Nothing could be gained from Nyktos’s expression. Unease took root. “What are you two even talking about?”
A muscle throbbed in Nyktos’s temple. “I cannot love,” he bit out between clenched teeth, speaking to Holland. “I made sure that would never be a weakness someone could exploit.”
Something told me that this was more than just him making such a claim. “And how can you ensure that?”
“Maia,” he said, speaking of the Primal of Love, Beauty, and Fertility. “I had her remove my kardia.”
Penellaphe gasped, her eyes widening with shock. “Good Fates,” she whispered. “I have known none who’ve done that.”
I was obviously missing something and also getting tired of asking questions. “What is a kardia?”

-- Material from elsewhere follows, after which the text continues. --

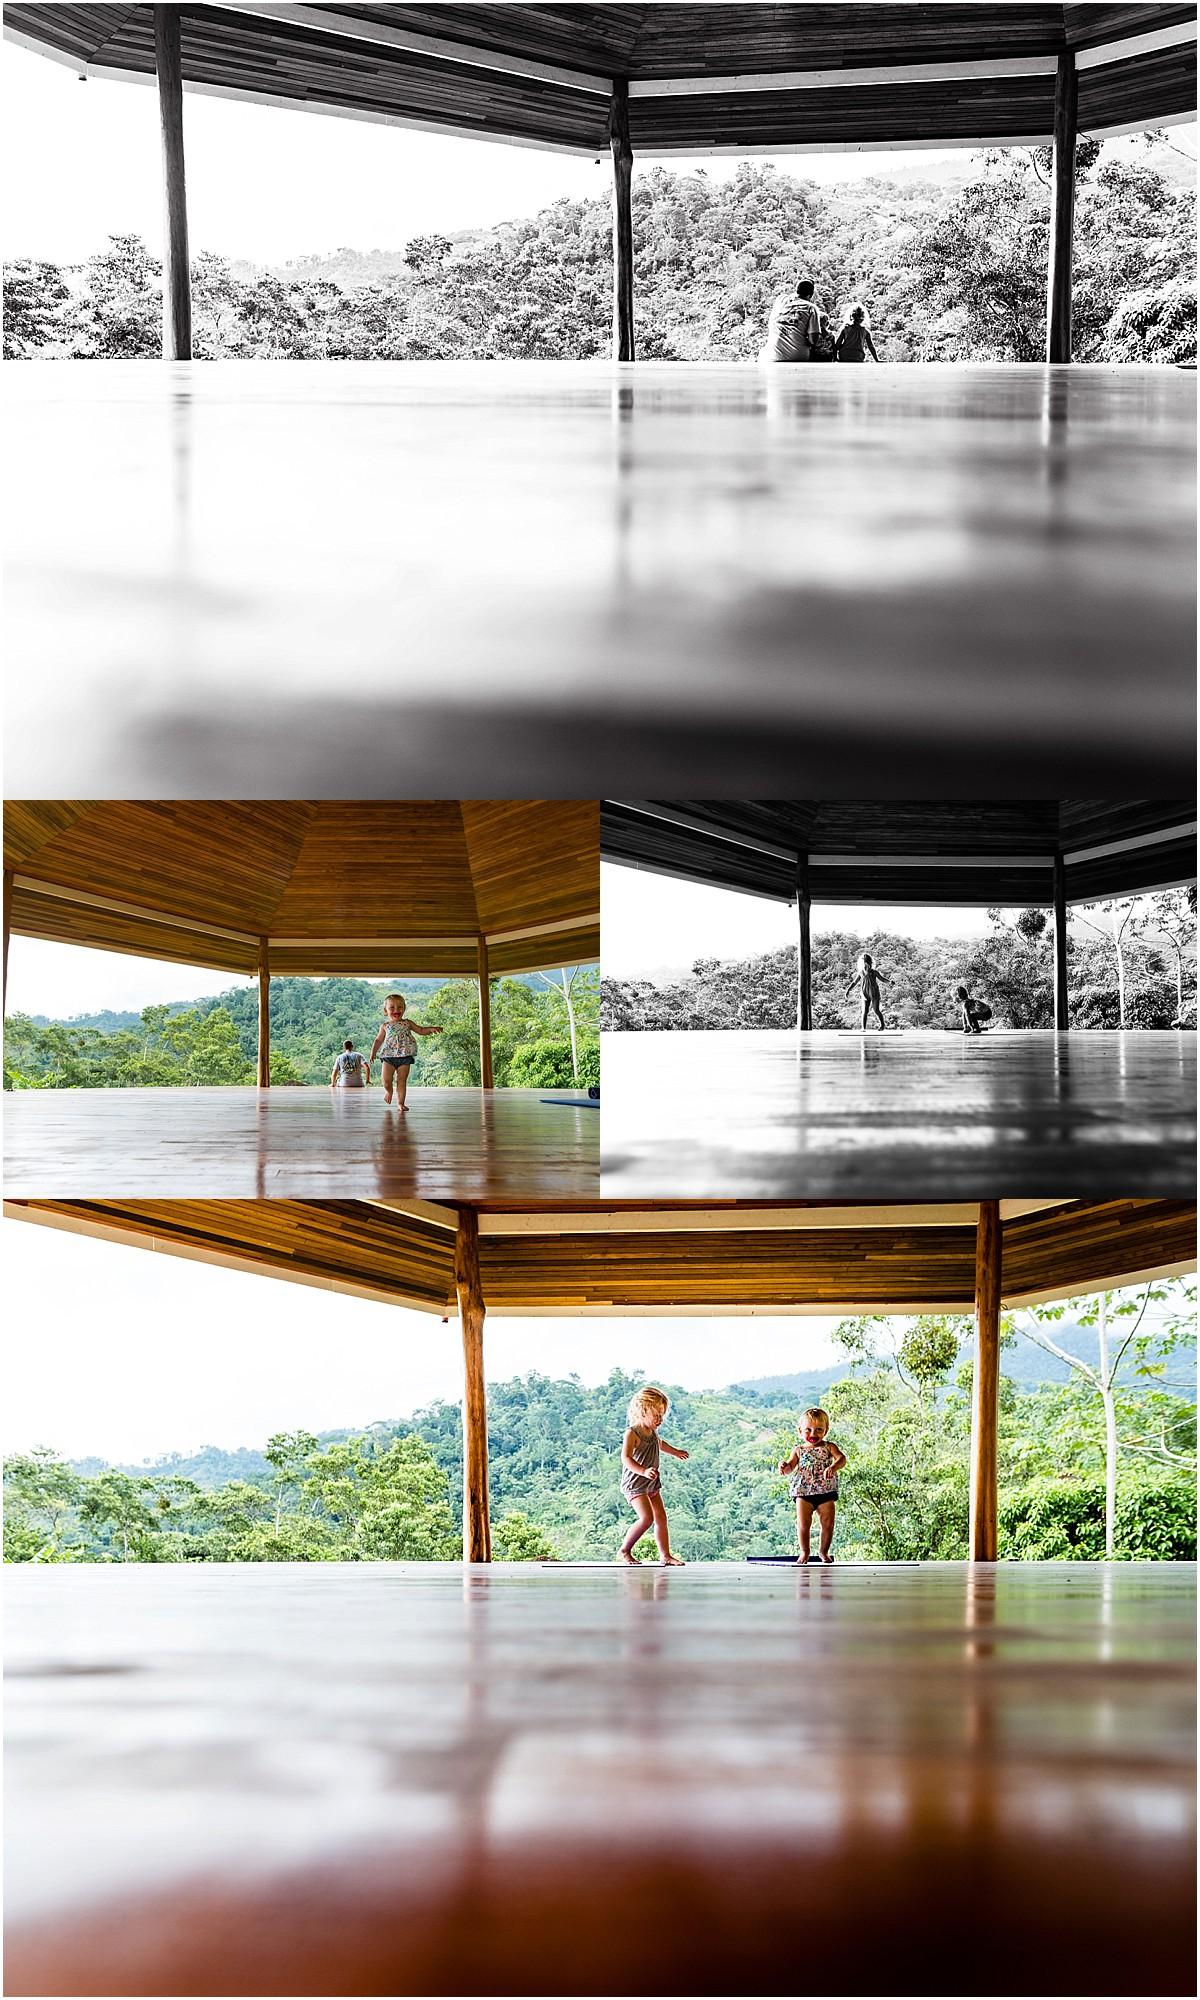 Ashley_Rogers_Photography_South_Florida_Photographer_Orlando_Photographer_Costa_Rica_Photographer_1211.jpg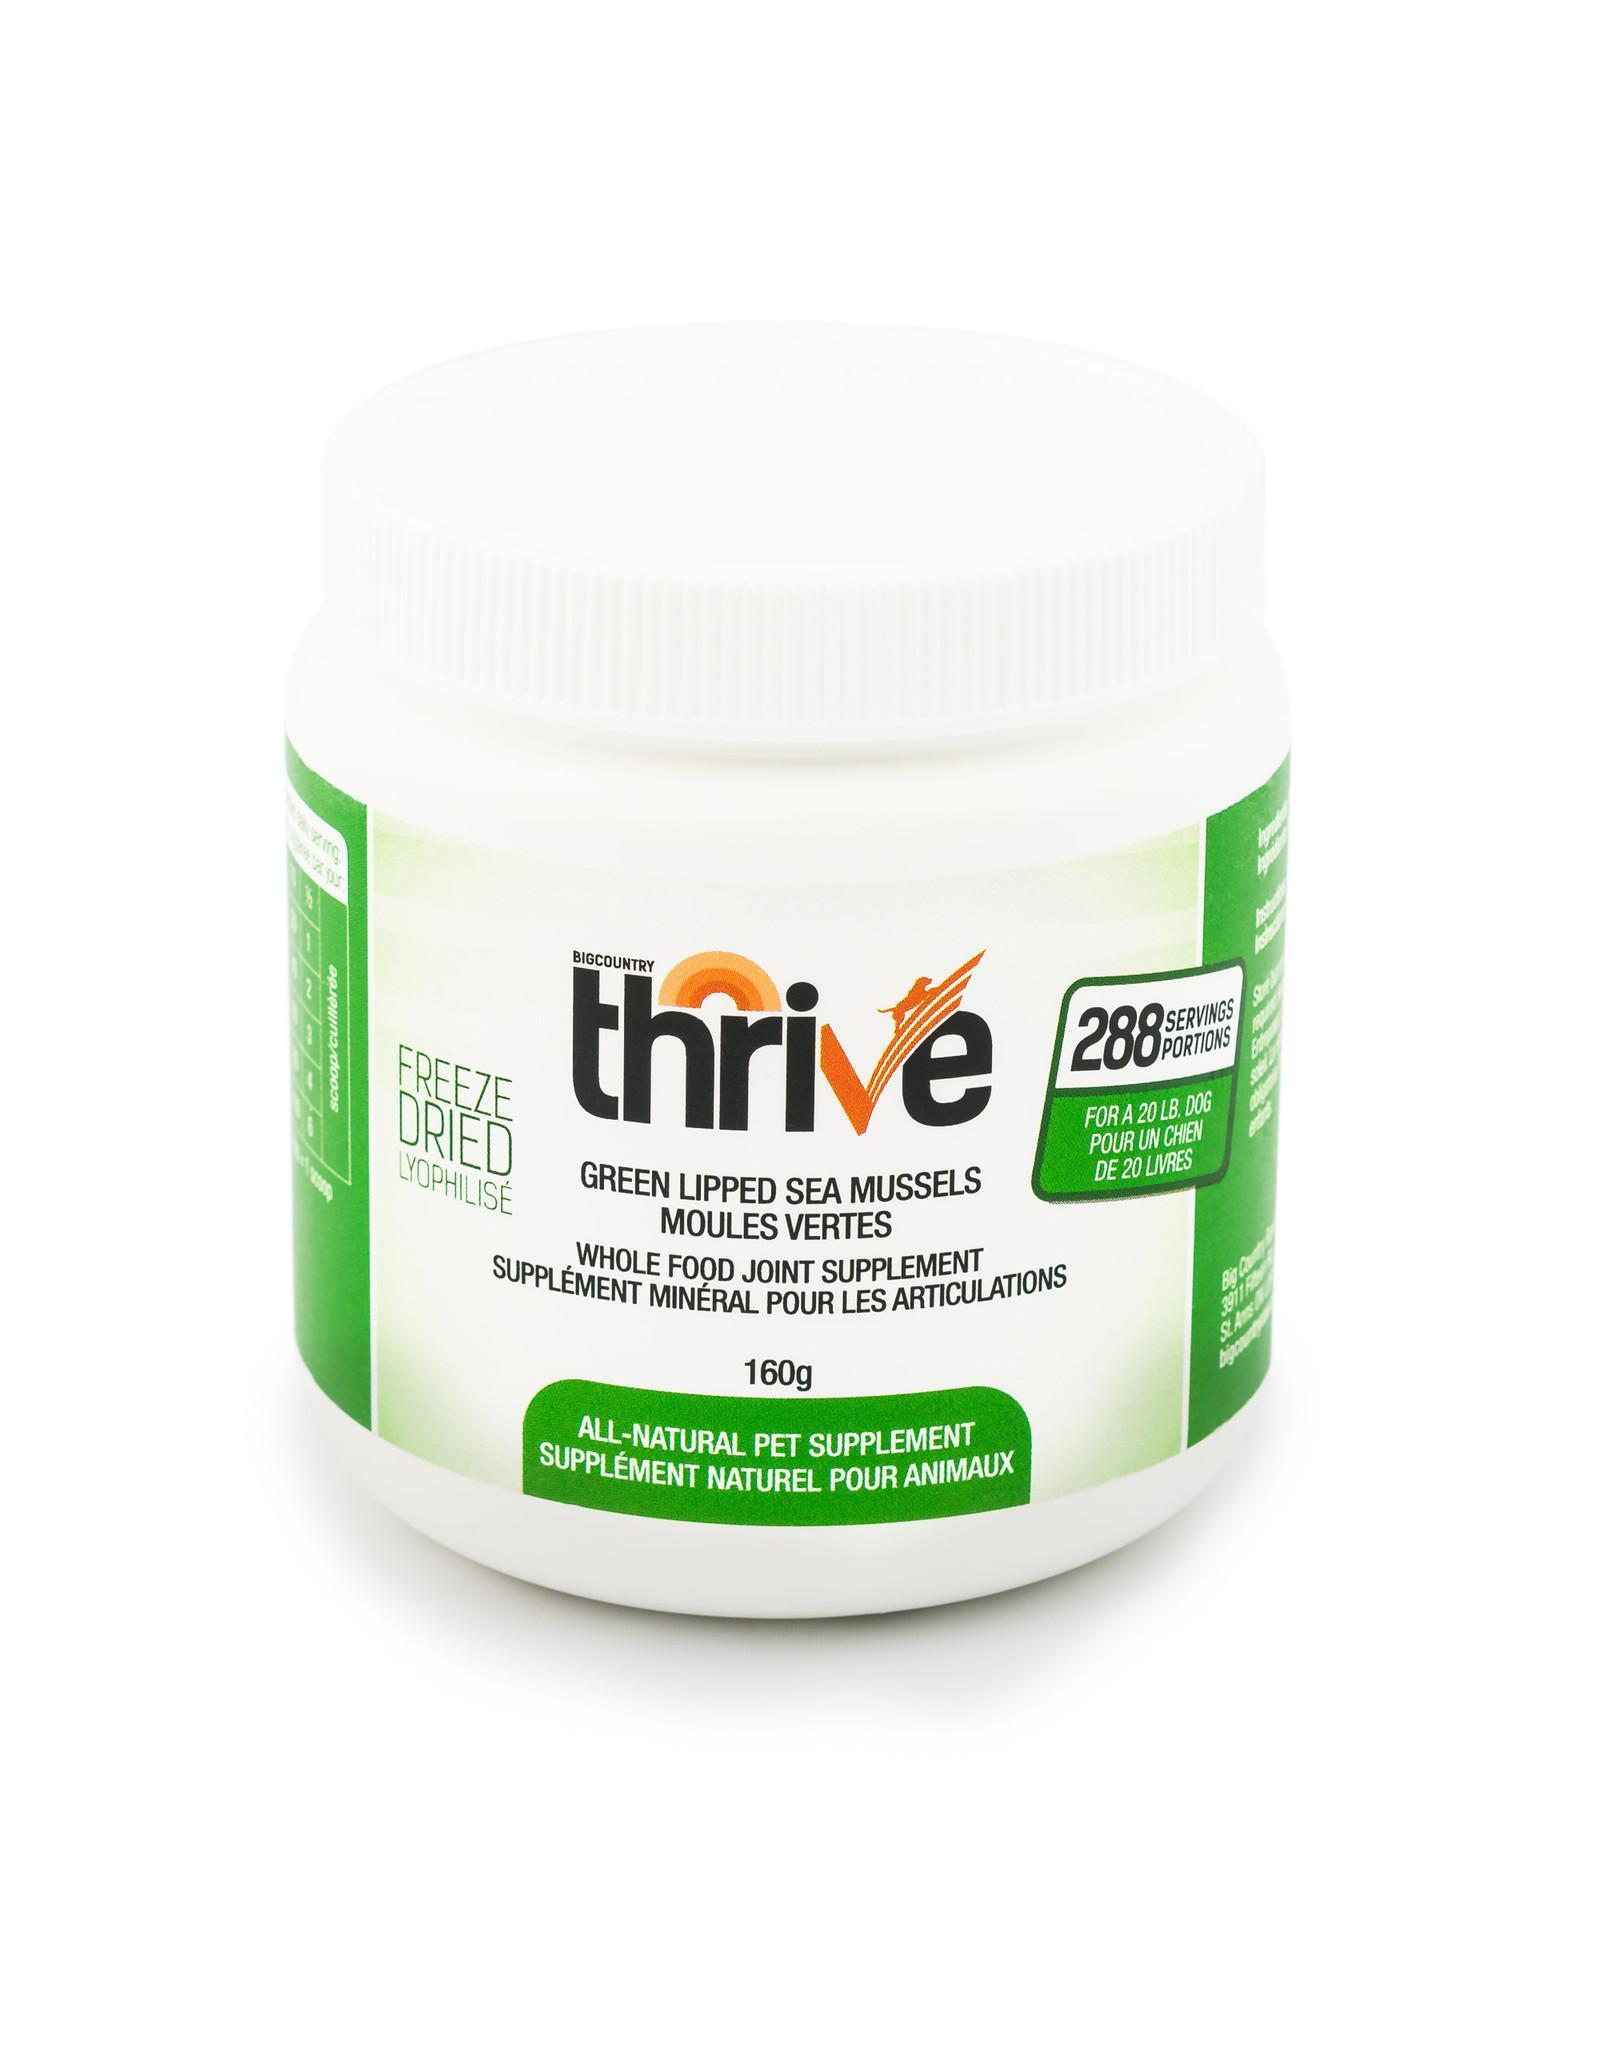 Thrive Green Lipped Mussels Dog & Cat Supplement, 160-gram

“It’s the piece of the soul—the spark—that all living creatures are born and die with. It allows them to love another not of their blood irrevocably, selflessly.” Penellaphe swallowed. “It must have been terribly painful to have that torn from you. To truly be unable to love.”
Chapter 2
“It was barely an inconvenience,” Nyktos muttered, clearly not pleased with the topic, and I…
I was stunned.
I’d believed that Nyktos could never allow himself to love. Not when he saw it as a weakness and also as a weapon to be wielded against him—just as I had sought to use it. But I hadn’t known that he was truly incapable of feeling love.
I was shocked that he would do that to himself, even though I understood why he would, after everything he’d been through. But I didn’t understand because he was…
“You care about others,” I said, shaking my head in confusion. “I know you do. How—?”
“Caring and loving are two vastly different things,” Nyktos said. “I am not incapable of caring for or about another. The kardia is simply unable to sway me. Something one would think all Primals would ensure.”
“Yeah. Namely, Kolis,” I murmured, running my palm over my chest where the embers remained still. But my heart ached for Nyktos. I glanced at Holland, who had fallen silent, and irritation darted through me. “You couldn’t give me a single hint that there was truly no point to any of what you trained me to do?”